EXERCISE DETAILS
Within the material below, transcribe exactly the lines from the one holding "picnic side dish of grilled squash" through the one holding "When something really", keeping both ends and skipping the rest.

THE RECORDS

..............................

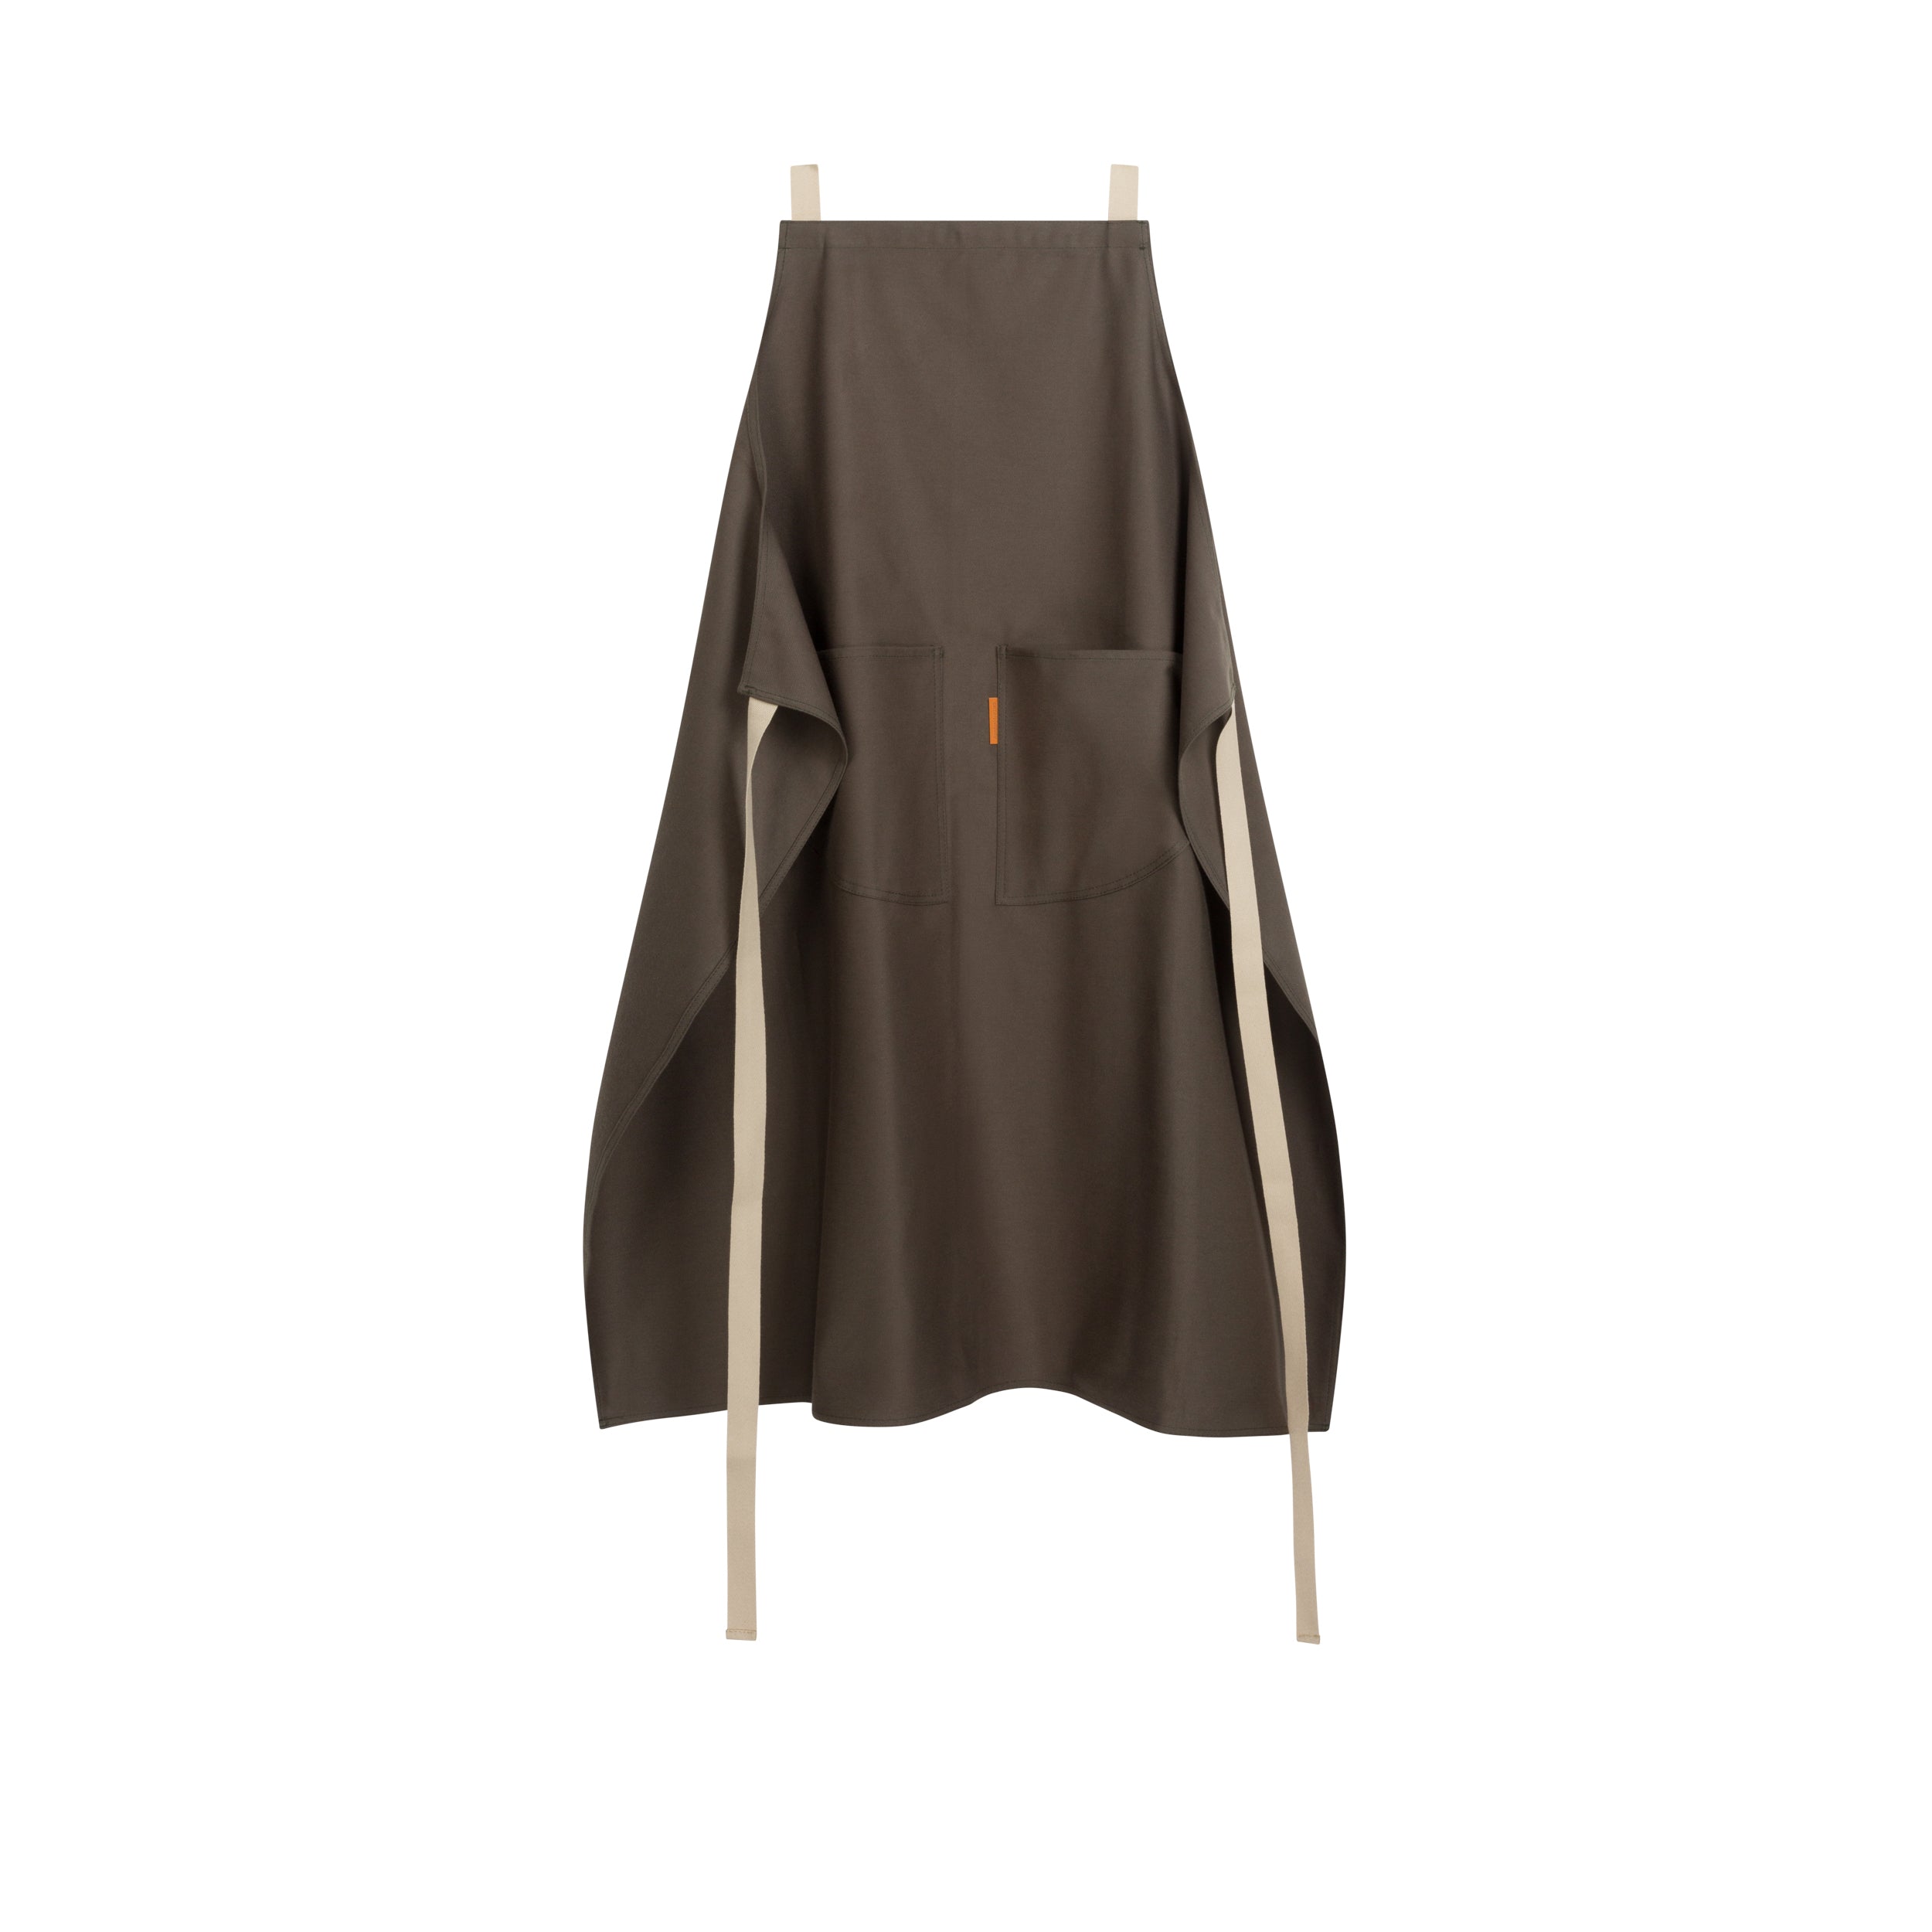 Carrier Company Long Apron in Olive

..............................

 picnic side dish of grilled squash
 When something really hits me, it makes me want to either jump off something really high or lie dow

..............................

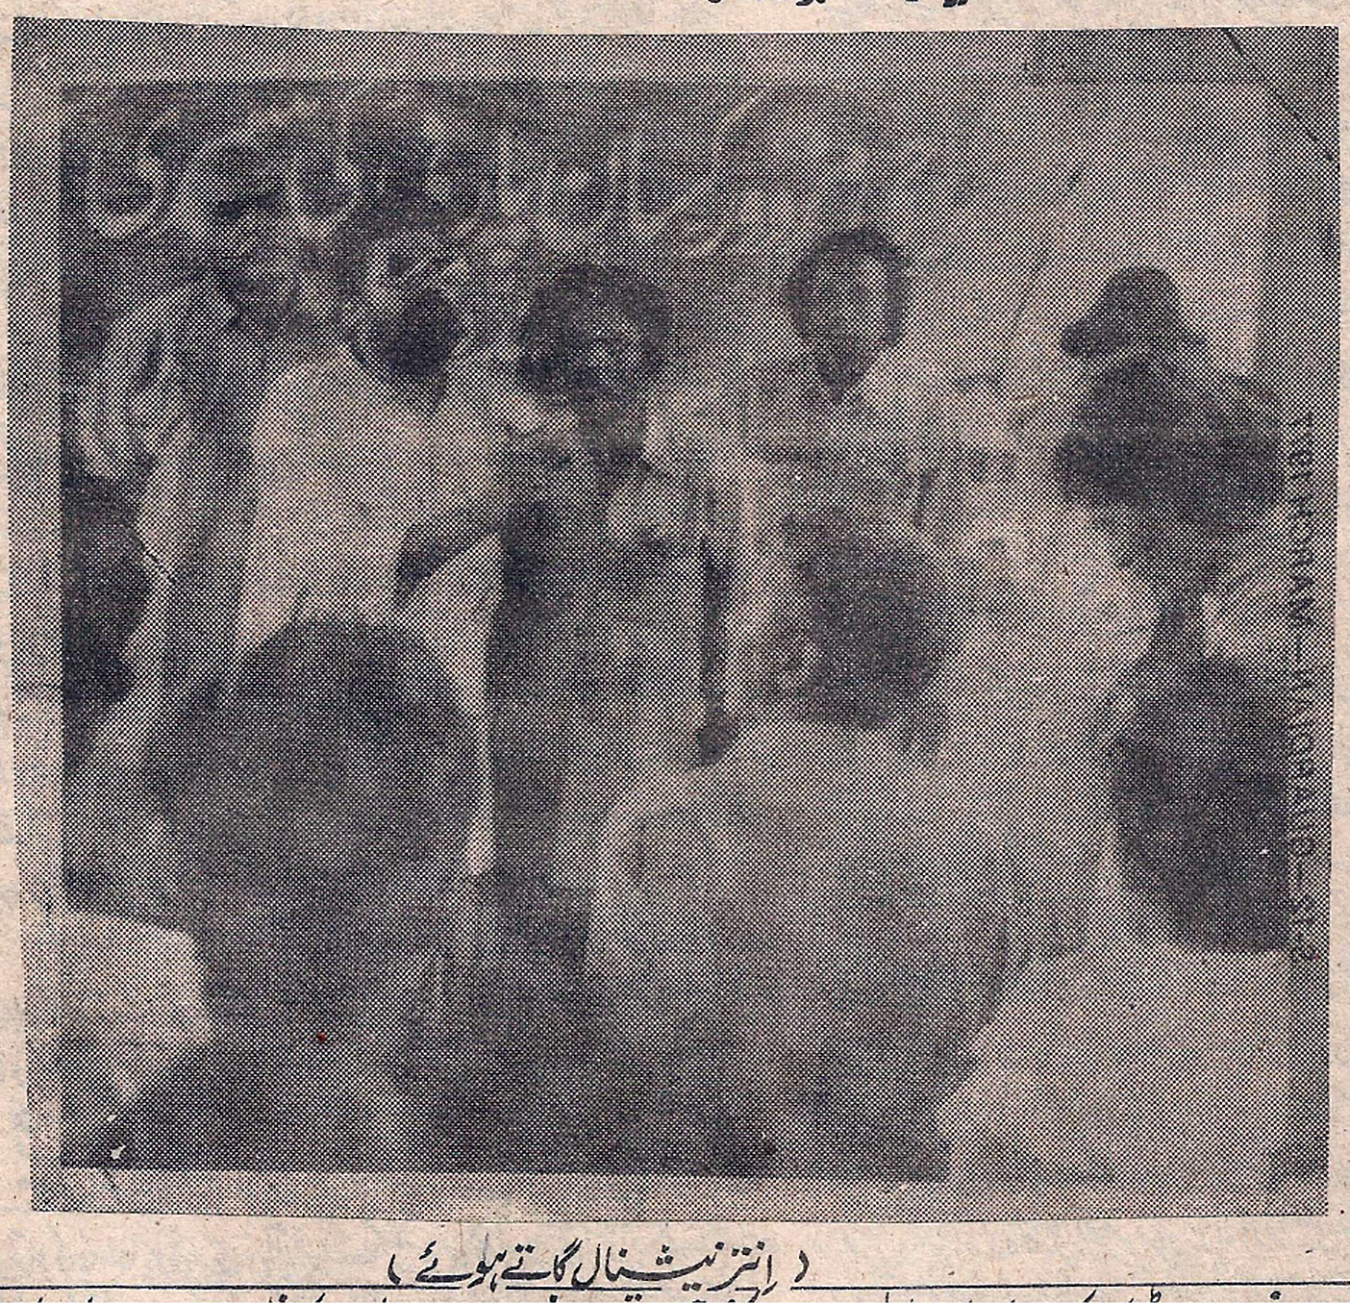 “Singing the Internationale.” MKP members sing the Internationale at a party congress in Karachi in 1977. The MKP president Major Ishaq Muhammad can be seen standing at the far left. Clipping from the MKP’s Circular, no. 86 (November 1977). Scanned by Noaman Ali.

..............................

ANSWER TO THIS TASK
 picnic side dish of grilled squash
 When something really hits me, it makes me want to either jump off something really high or lie dow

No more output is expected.